Kenya is an enigma. It occupies a top spot in specialty – Kenyan top lots are always amongst the most expensive of any harvest. But yet it’s a country where coffee production is dropping year over year. Kenya is a place where traceability is given, but knowing what you want and how to get it are two different things. Rarely do we find partners more capable, and loyalties more difficult to navigate than we do in Kenya. For all the aforementioned reasons, competition in Kenya is fierce, making prized coffees feel like even more of a success.
However, no matter how formally the industry is structured, coffee still remains a system of people. And in a country where farmers own their own cherry production, there is additional power to connecting with coffee’s most important stakeholder. Farmers can, for example, point you to the best collections from every harvest, or delay sending their lots to auction to give you another week to sample. At request they can change the way they separate lots, bringing new products to market in a year that would take other countries nearly a decade to do.

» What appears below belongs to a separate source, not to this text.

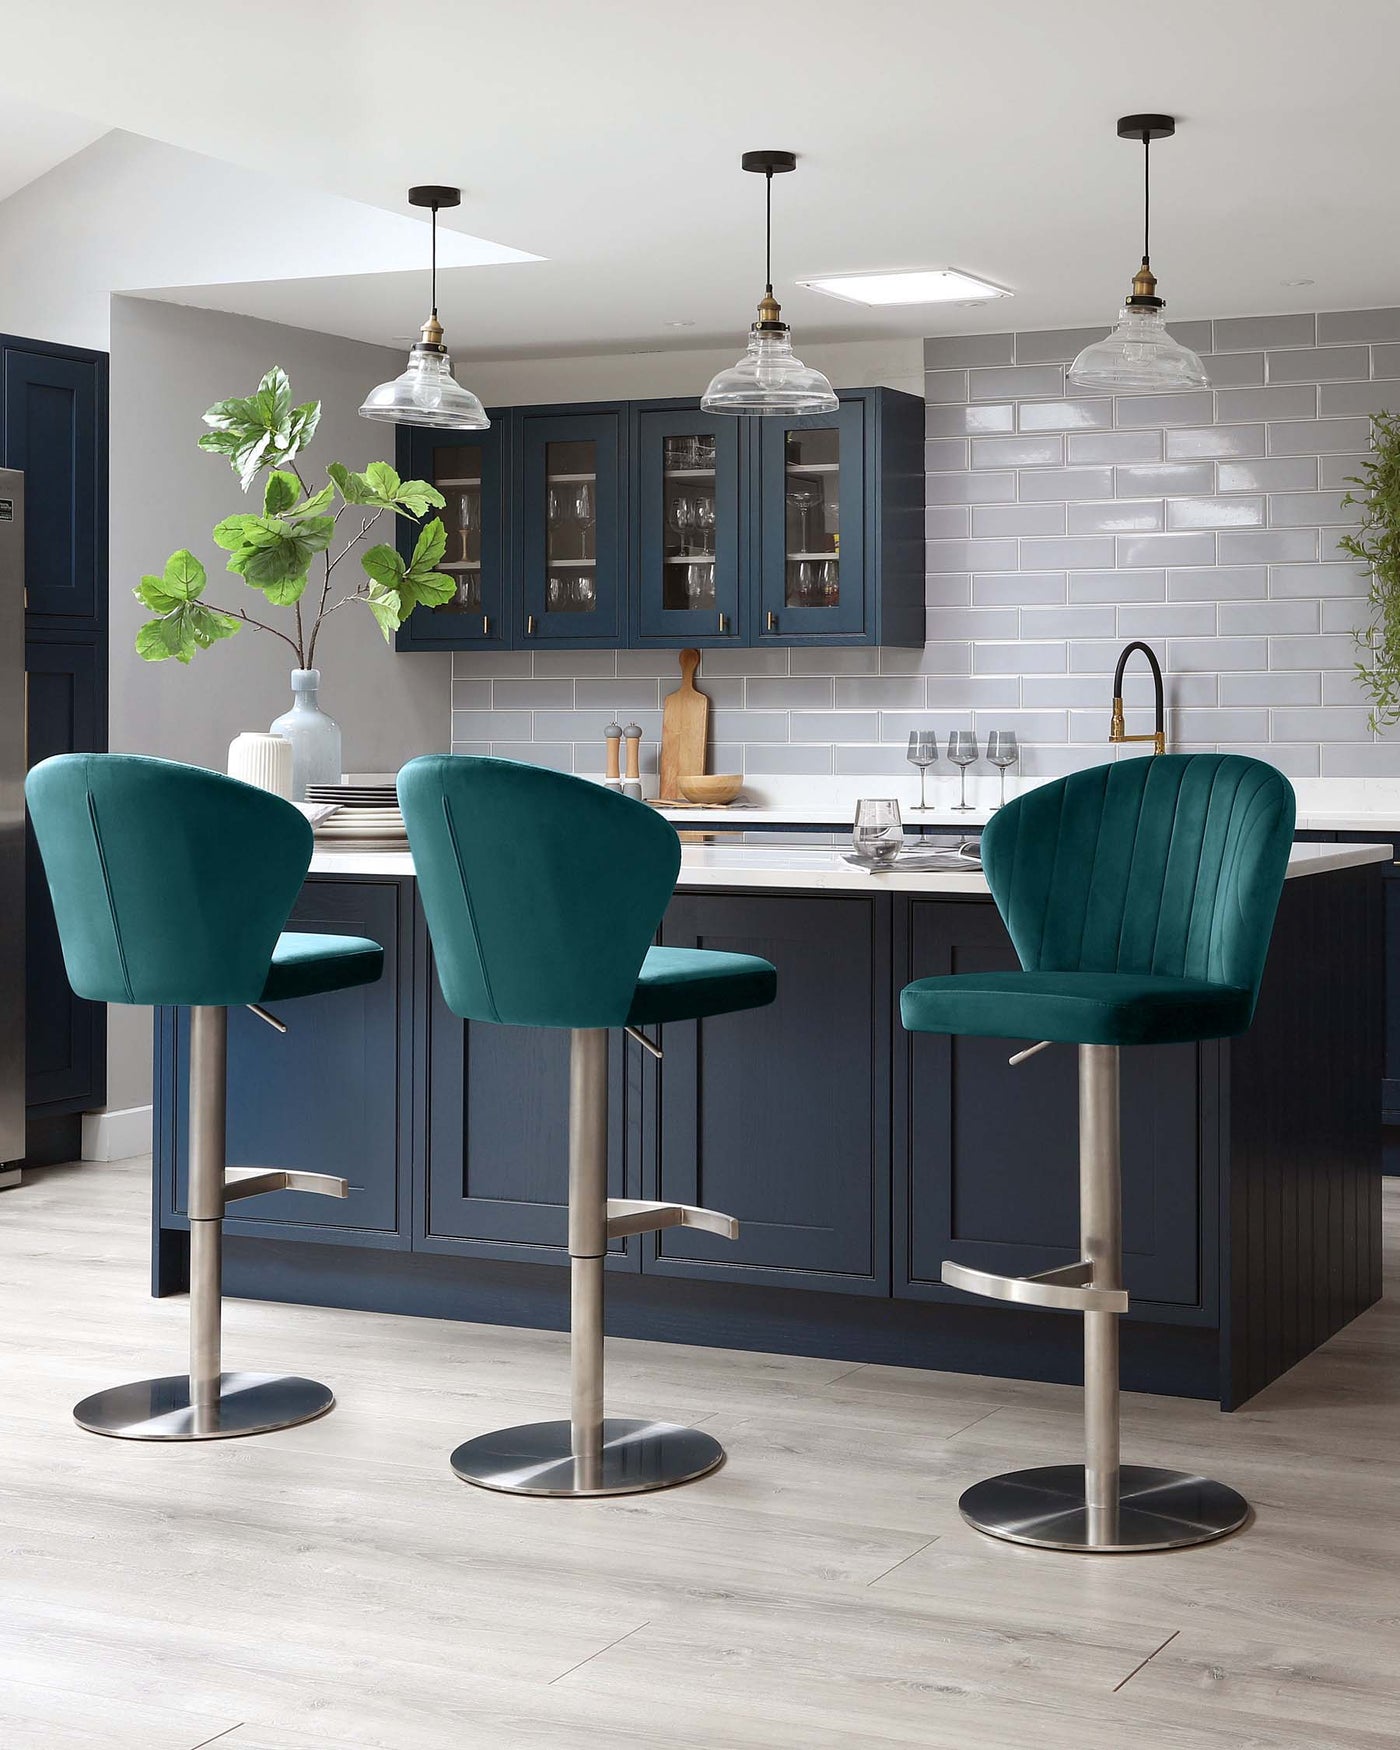 Three modern teal velvet bar stools with low backs and sleek metallic bases positioned around a kitchen island with navy cabinetry and white countertops.

But experimentation is not the name of the game. With washed coffees working so well, you won’t find many a manager willing to mess around with different fermentations, flotation, drying times or with certifications like organic.
The experiment instead is that of business model. How do cooperatives normalize earnings to keep their members engaged in coffee? How do we take away red tape to encourage more farmers to plant more coffee, as opposed to corn or dairy? How can small estates split off and succeed under their own pulping license? Is it better to sell through auction or directly to an international buyer – can you afford to cut out your marketing agent? Once you speak to these problems you are speaking the language of coffee in Kenya – this is a country that already knows how to coffee.